◆ What the task requires ◆
For this task, copy all of the data below exactly and skip the pictures.

◆ Raw data ◆

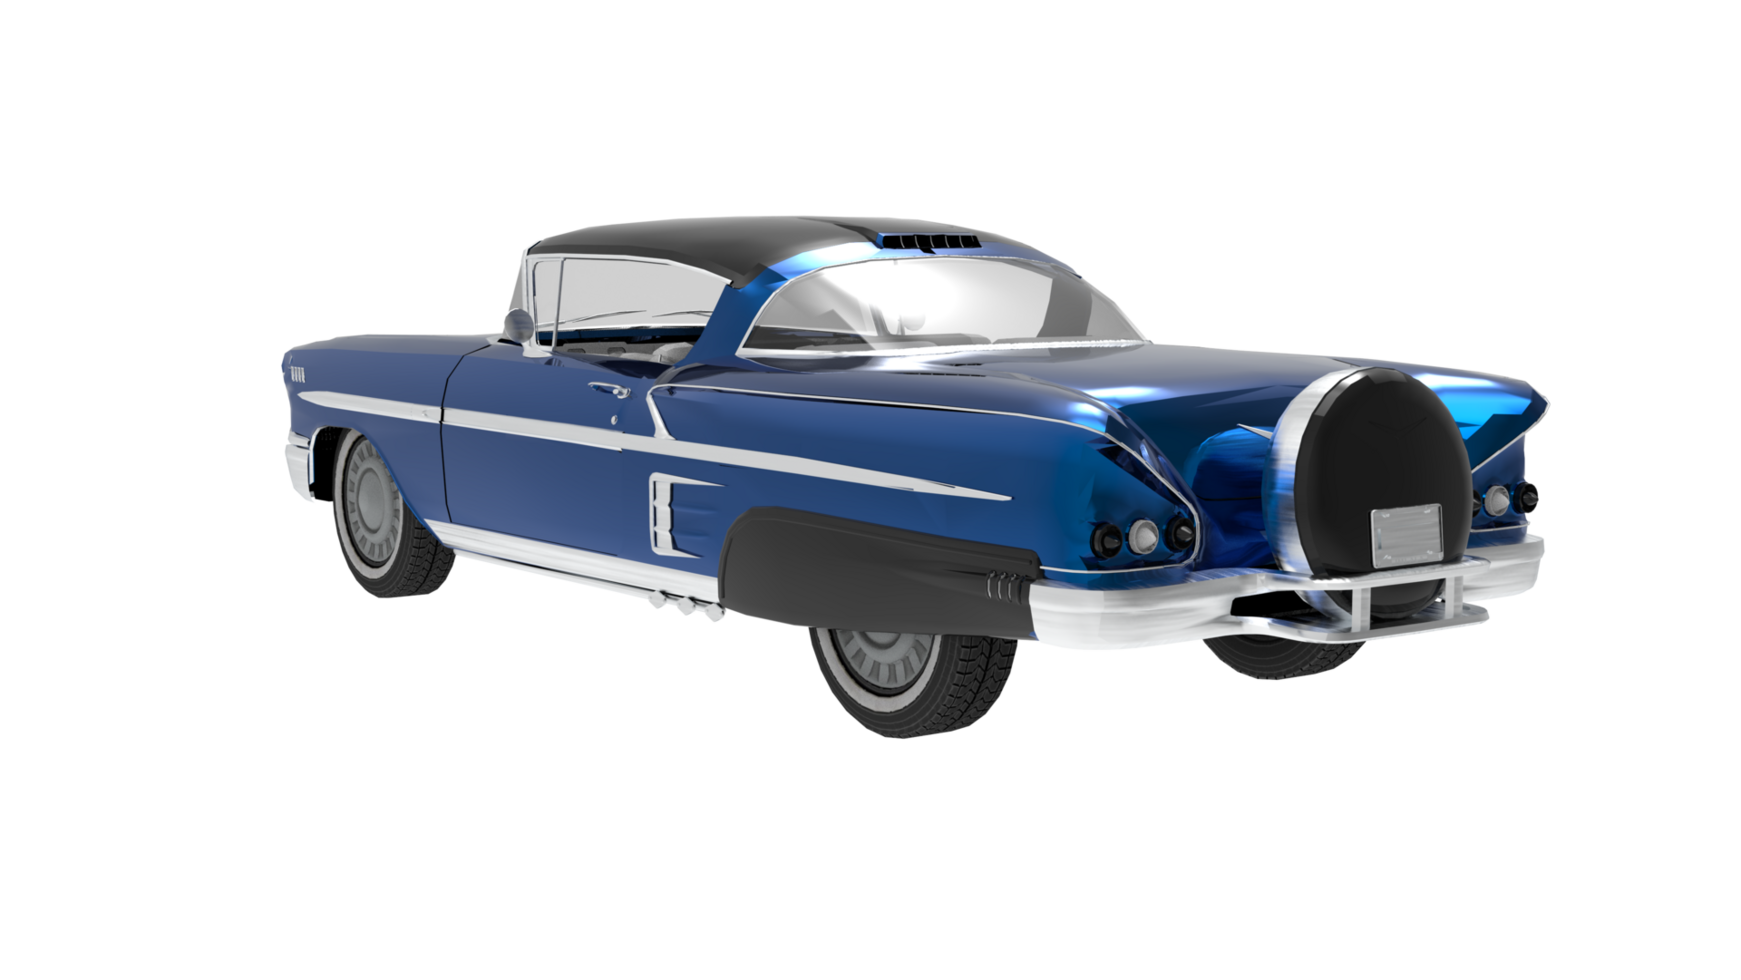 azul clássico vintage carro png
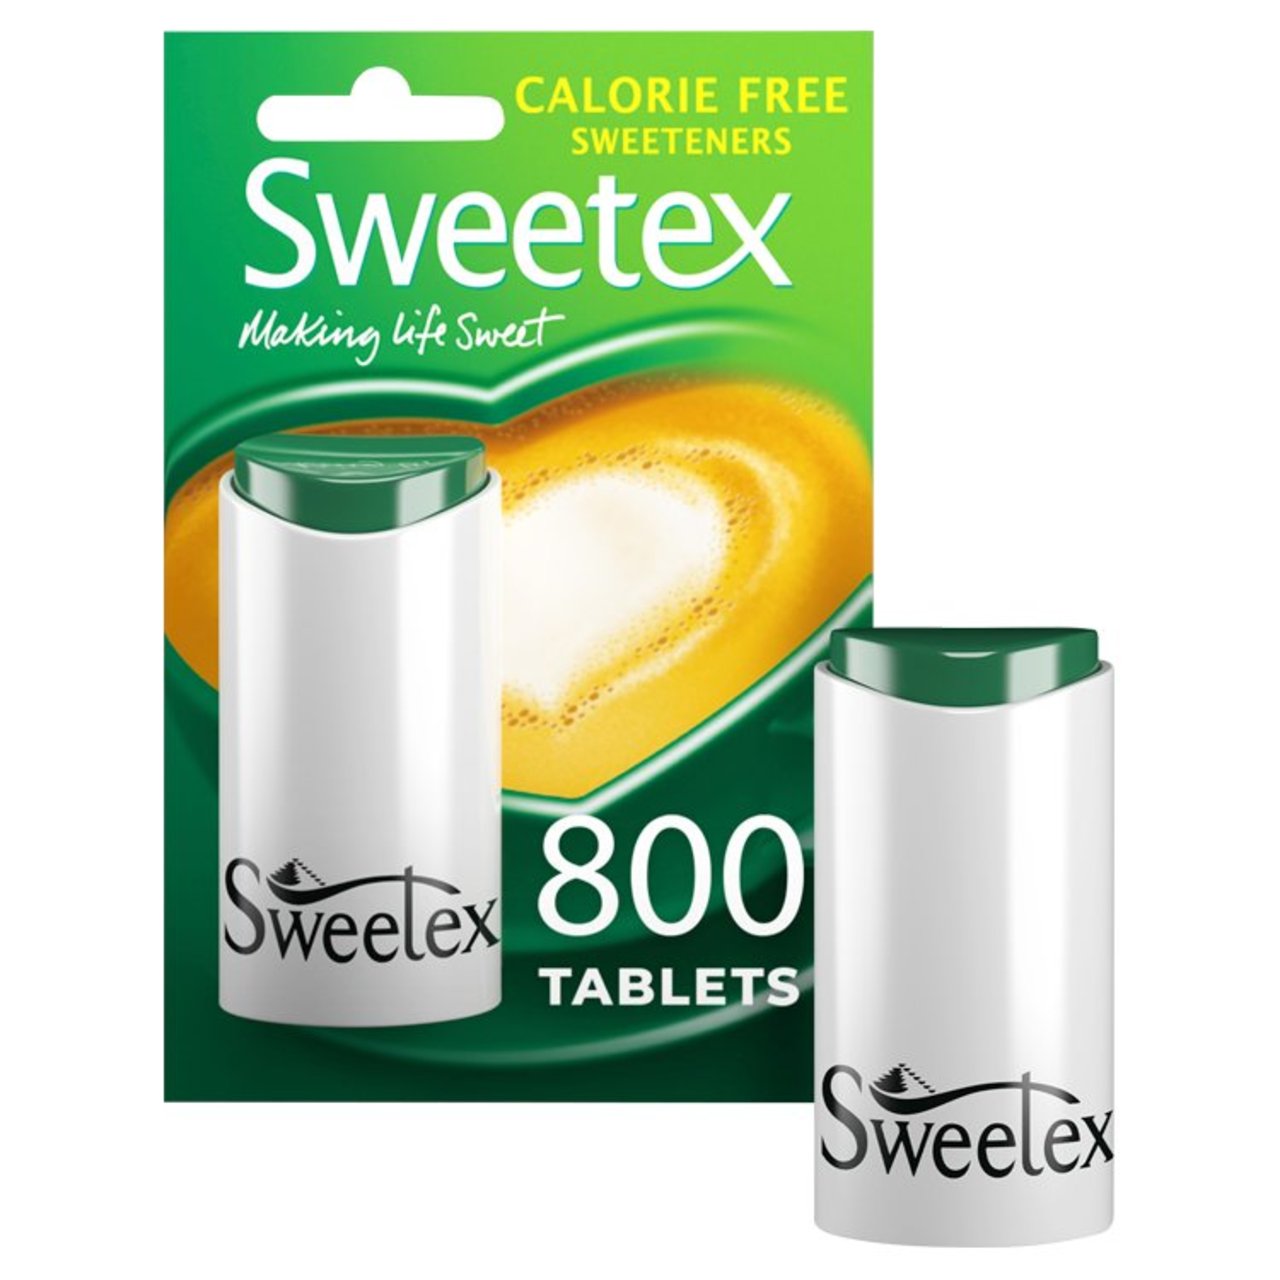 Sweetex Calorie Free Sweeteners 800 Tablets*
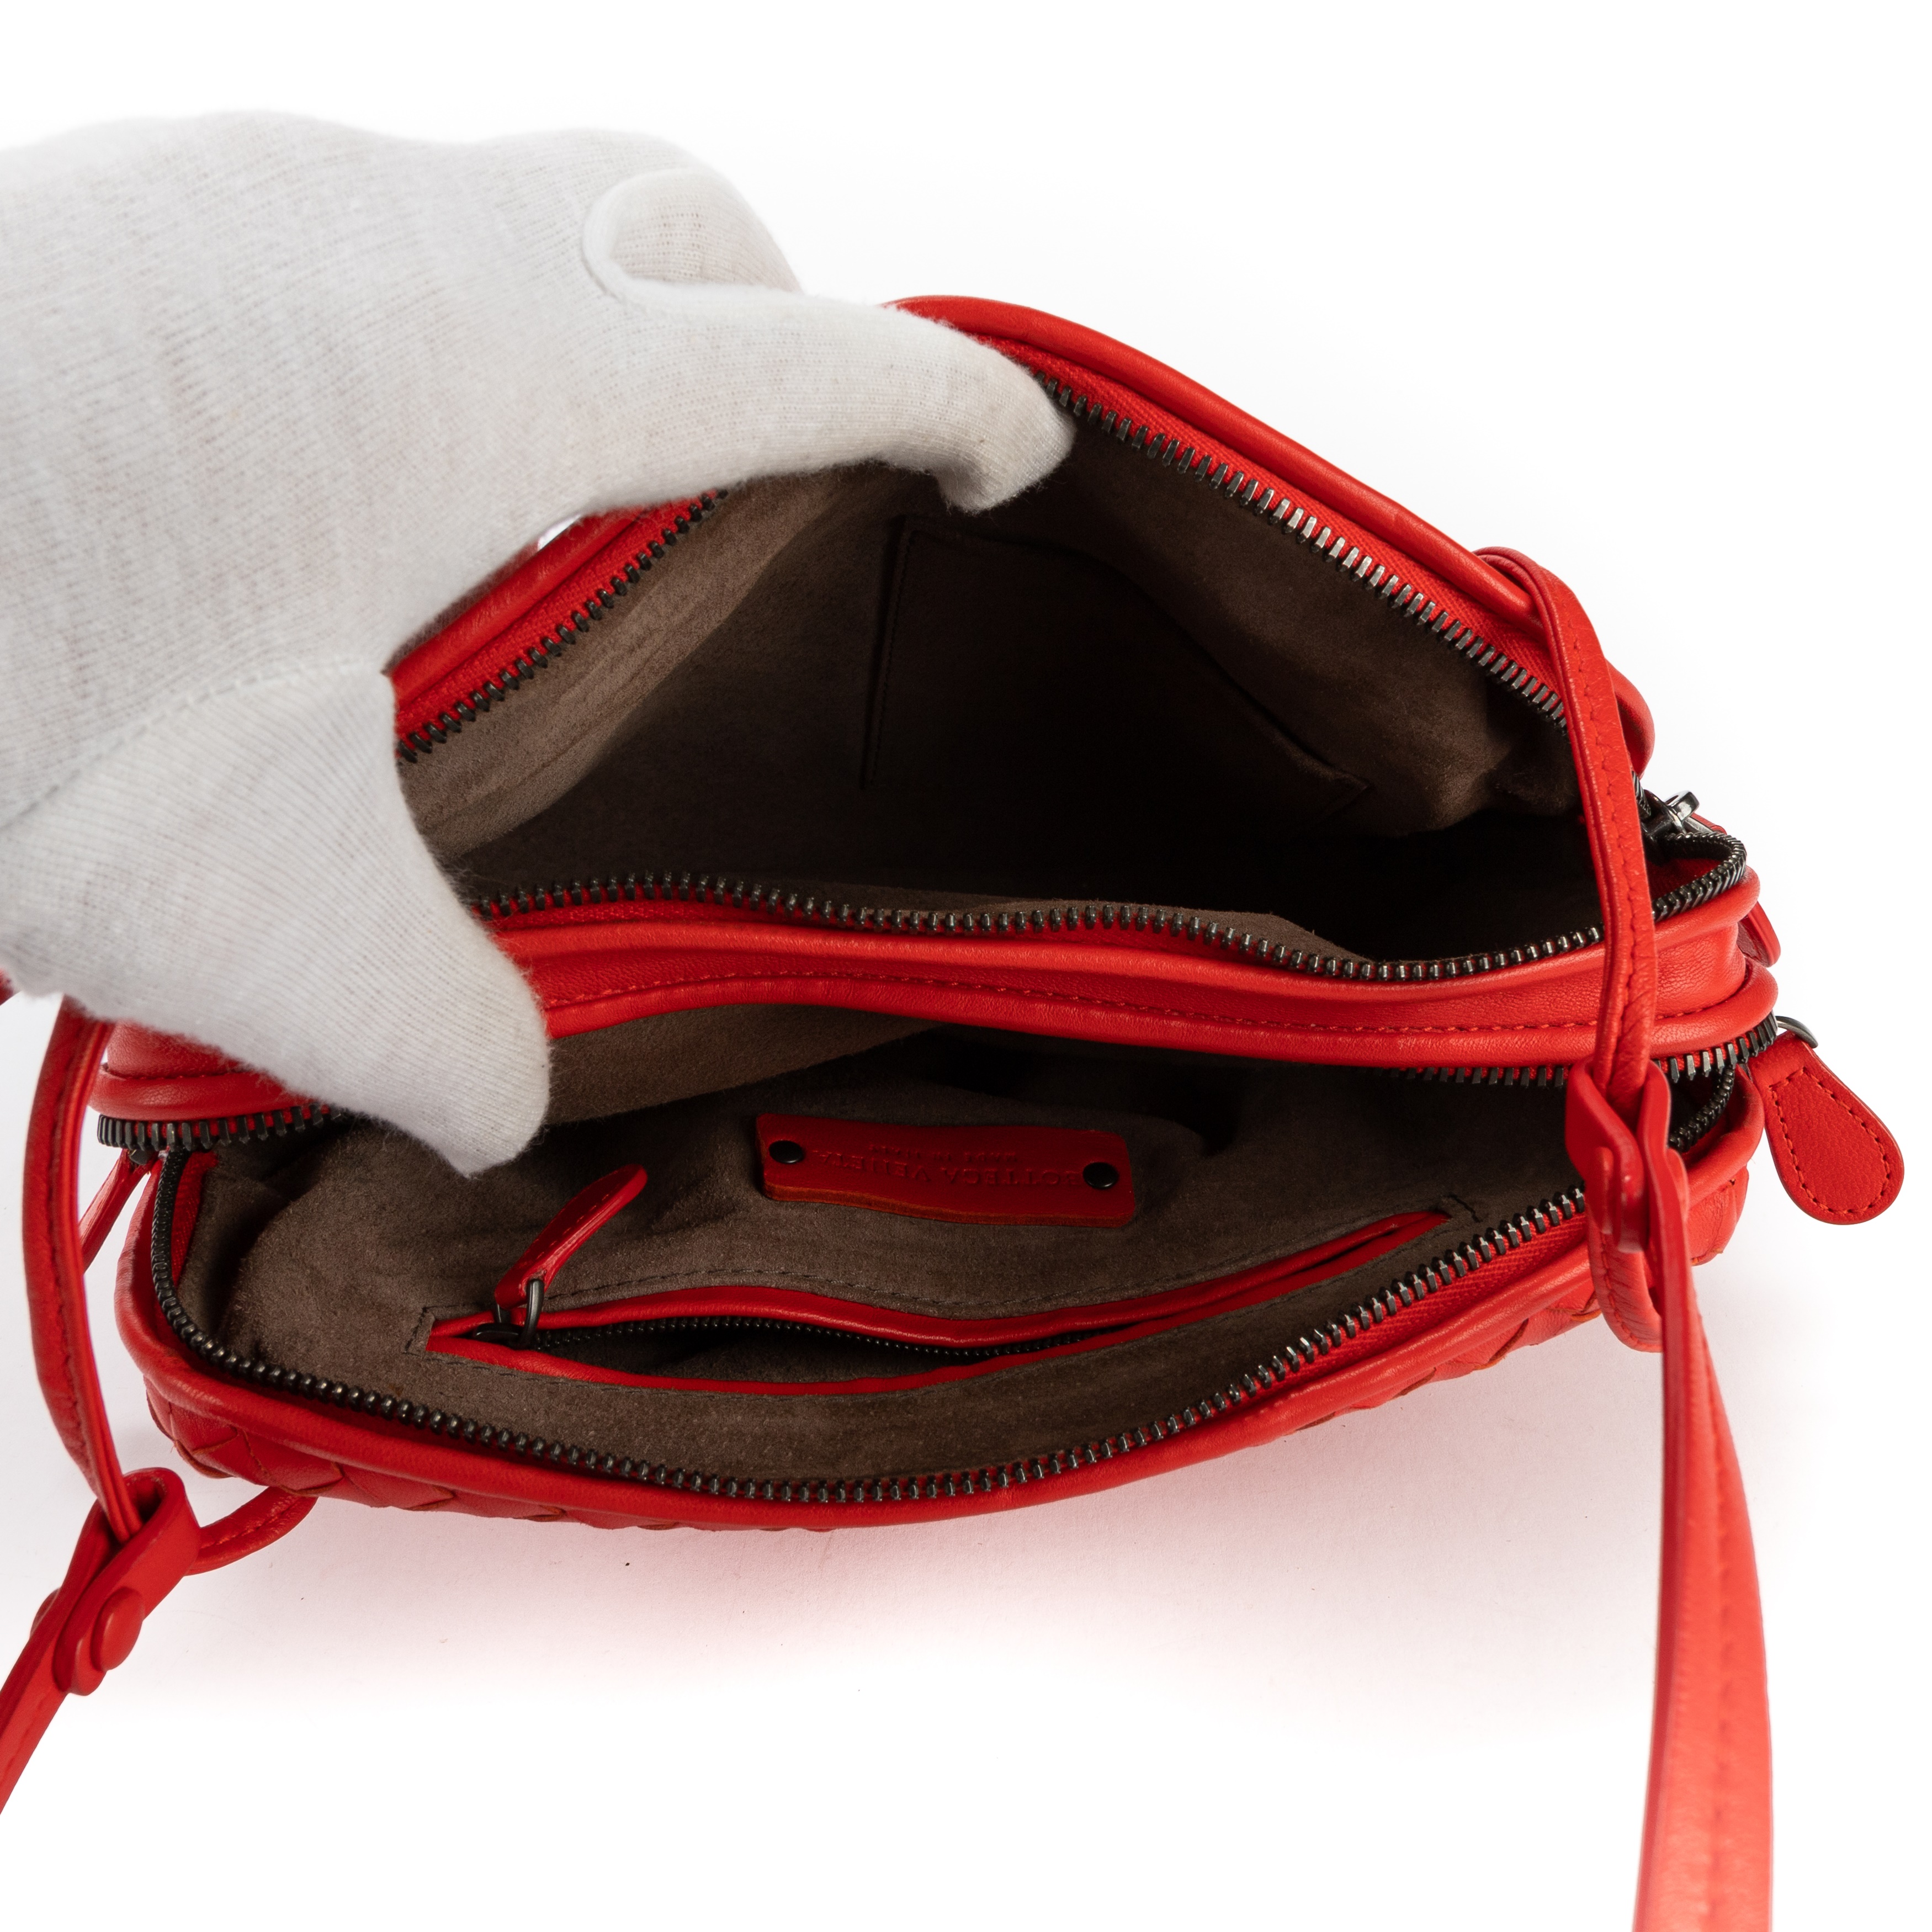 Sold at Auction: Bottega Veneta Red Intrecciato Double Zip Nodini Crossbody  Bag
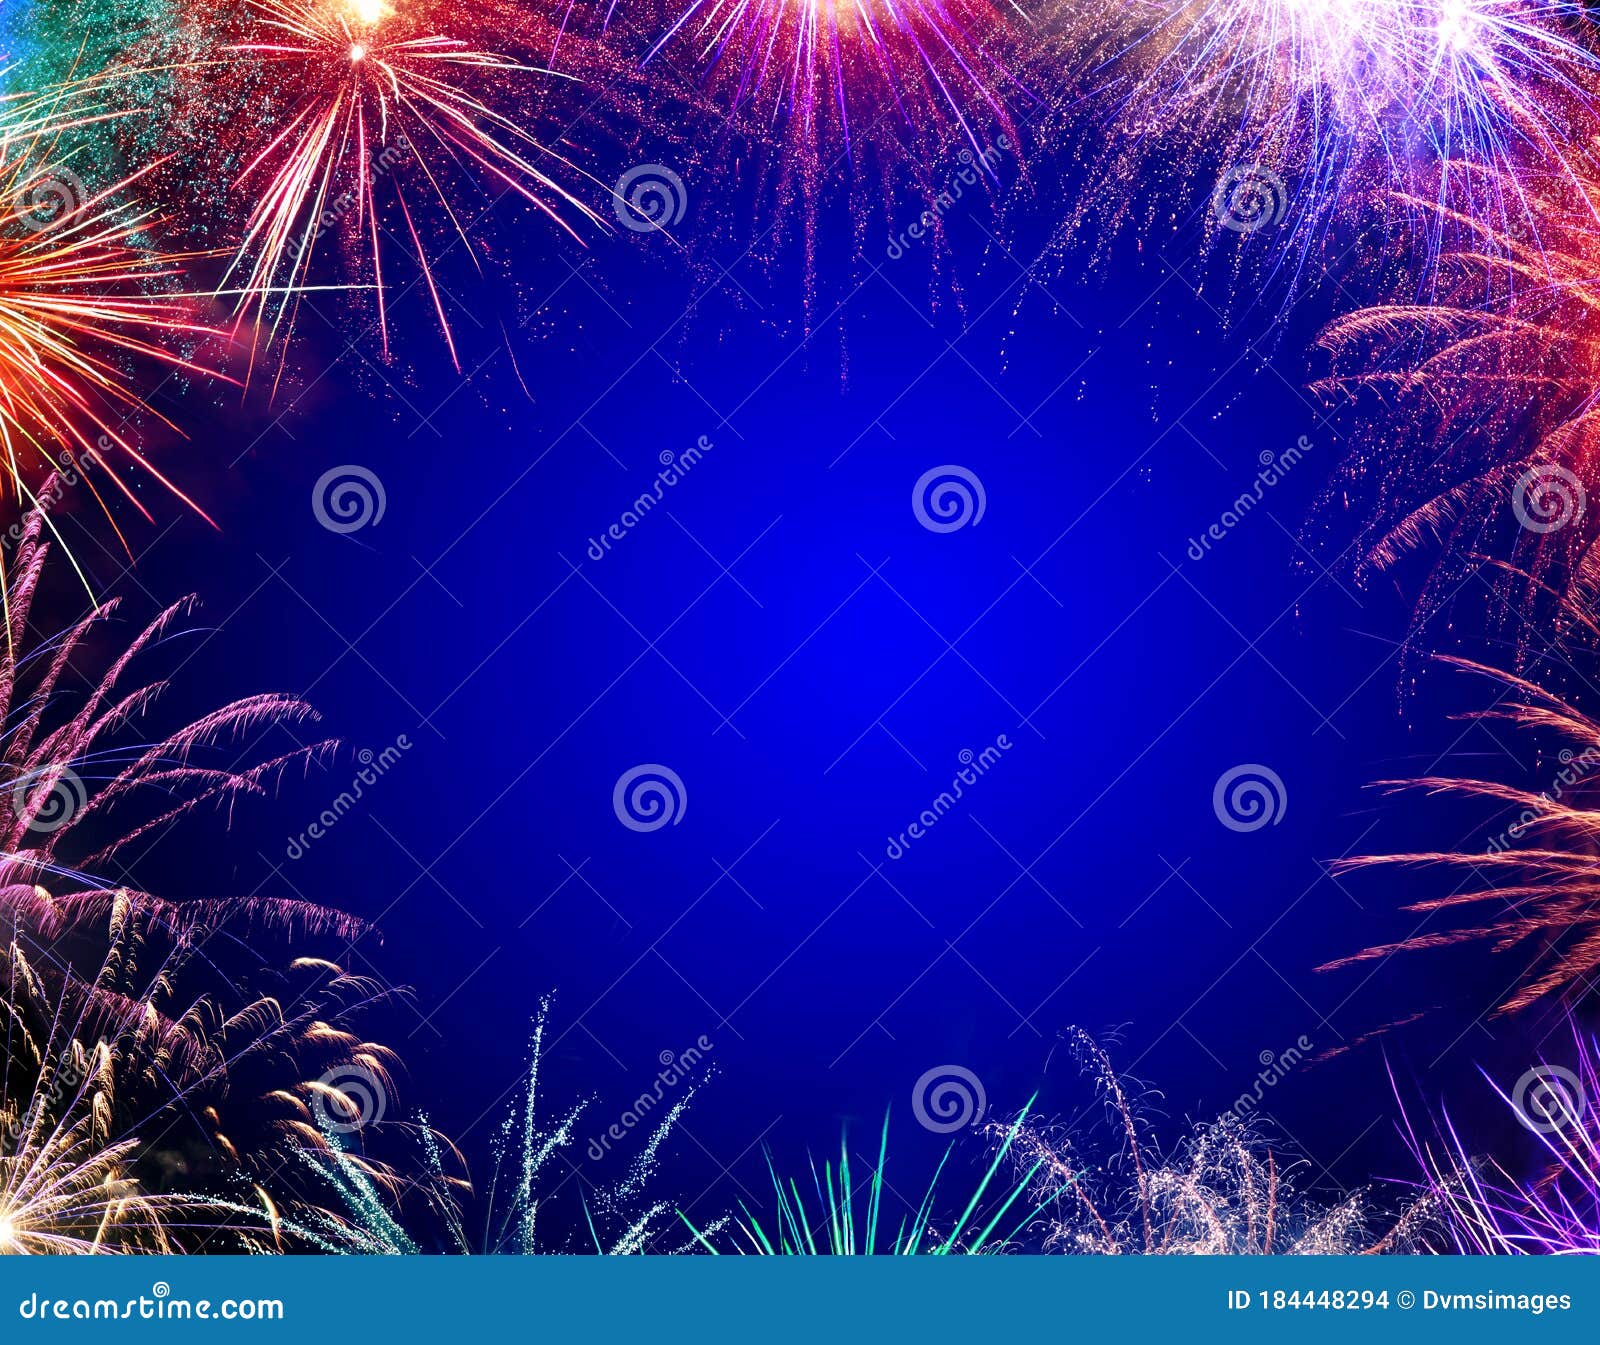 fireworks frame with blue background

◆ Response to this task ◆
 azul clássico vintage carro png
 Sweetex Calorie Free Sweeteners 800 Tablets*
 Sold at Auction: Bottega Veneta Red Intrecciato Double Zip Nodini Crossbody  Bag
 fireworks frame with blue background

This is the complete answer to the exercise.